The Problem of the Successful Coping Strategy

A long time ago, people would tell me I was hard to read. I didn’t understand their problem, and was a little suspicious of what they wanted to “read” and why. For me, my feelings felt profoundly visible and all-encompassing, a shyness and sensitivity that was easily disturbed. A part of me believed the story of shame, that deep down there was something wrong with me that needed concealment—though, after years of deep reflection, I’ve come to believe there is no secret hidden thing. It was shame itself that didn’t want to be seen.

Yet I came to learn that, no matter how vulnerable I felt inside, most folks around me were unable to sense this. I’d learned how to mask my feelings behind a cool, neutral, unreadable expression. There are many possible reasons for this, but I think the most relevant is likely that as a kid I learned that showing weakness or vulnerability was like throwing blood in the water and attracting sharks. Better to not show how hurt I felt so they wouldn’t know how to hurt me.

As an adult, this became an automatic, unconscious, and crippling protection. While I hid my vulnerabilities well, so too were my warm feelings and my desires concealed. When I wanted to connect with someone, as a friend or a potential partner, I felt terrified of letting down the façade and sometimes couldn’t even figure “how to do it.”

Image of a number of people in silhouette at an aquarium, looking at a wide array of sea creatures.
Georgia Aquarium, by Matt Helbig

This was my coping strategy, this mask, and it worked well. Exquisitely well. People came to appreciate things about my neutrality. They could confide in me things that bothered them. And as I entered the adult working world, I could take on lots and lots of responsibility and I never let on when it was too much or I was struggling. I was rewarded for it, but it made me easier to exploit.

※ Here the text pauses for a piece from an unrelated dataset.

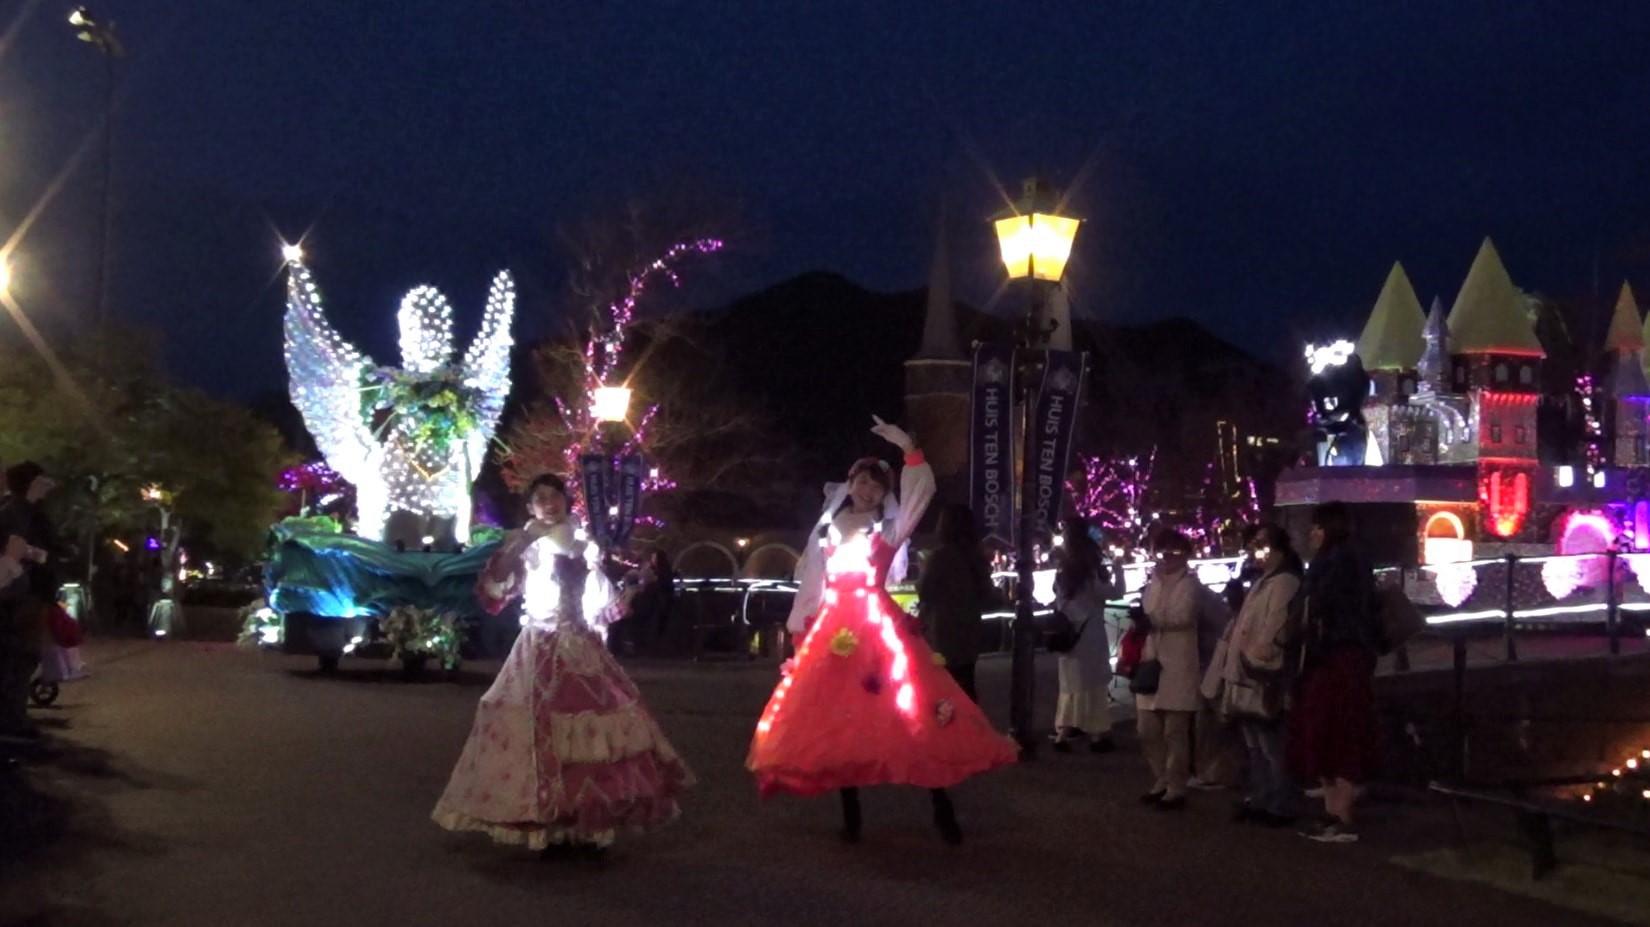 ハウステンボス 光の王国 回り方 光のパレード

Recently I’ve been thinking about the perils of a coping strategy that is too successful. Coping strategies are the habits, practices, and patterns of being we rely upon to manage stress and pain, often with avoiding or minimizing suffering. A colleague recently distinguished these from true self-care strategies, which I find useful—self-care in this context being about tending and caring for the fullness of myself, even things that feel unpleasant or painful.

We know the coping strategies that are obviously unworkable. These are the ones that leave scars, break apart relationships, consume hours of our time and hundreds of our dollars and leave us feeling emptier and more fragile. The ones that create as many problems as they “solve.”

This time I’m thinking of those coping strategies that work too well, but are still merely containing our suffering rather than relieving it. The tendency to smile and say thank you when inwardly you burn with resentment. The hours spent at work, earning accolades and promotions while your inner life empties out and your home remains a cold, terrifying place. That ability to make people laugh and laugh while inwardly you feel you are dying and desperate for someone to care.

These strategies are pernicious and difficult to surrender. I couldn’t say if they’re easier or harder than the less workable ones, and comparison doesn’t matter. The point is that the person experiencing these, even the people around them, might not see them as problematic. Surrendering these coping strategies might feel irrational but also terrifying. They are the hardened exoskeletons formed around a soft, vulnerable interior, but  this protection also blocks deep nutrition and meaningful connection. Indeed, this might be protected even from our conscious selves.

Unfortunately, it is that which is vulnerable that needs liberation from the outworn coping. At some point we need to learn how to take risks, and with whom. My neutrality is not inherently bad, what was problematic was that it had become so automatic it was no longer a choice. Now I can bring that neutrality to situations where it is useful, where my inner responses need containment or time and I need to attend to others. But I have to work harder than I like to share my vulnerability with the people who have earned it.

2 comments on “The Problem of the Successful Coping Strategy

SC says:

How do you know who earns your vulnerability?

The best answer I have is whether a person is more or less consistently able to listen to my thoughts and feelings with compassion and an effort at understanding. It’s a process of taking small risks, seeing how they go, and building trust with a person. Sometimes it’s about risking letting them know what they could do better and seeing how they handle that. If the person is making an honest effort to be more understanding and connecting, they are worth the risk to me. If the person repeatedly makes things about themself and doesn’t change even after I give them feedback, I am less inclined to be vulnerable with them.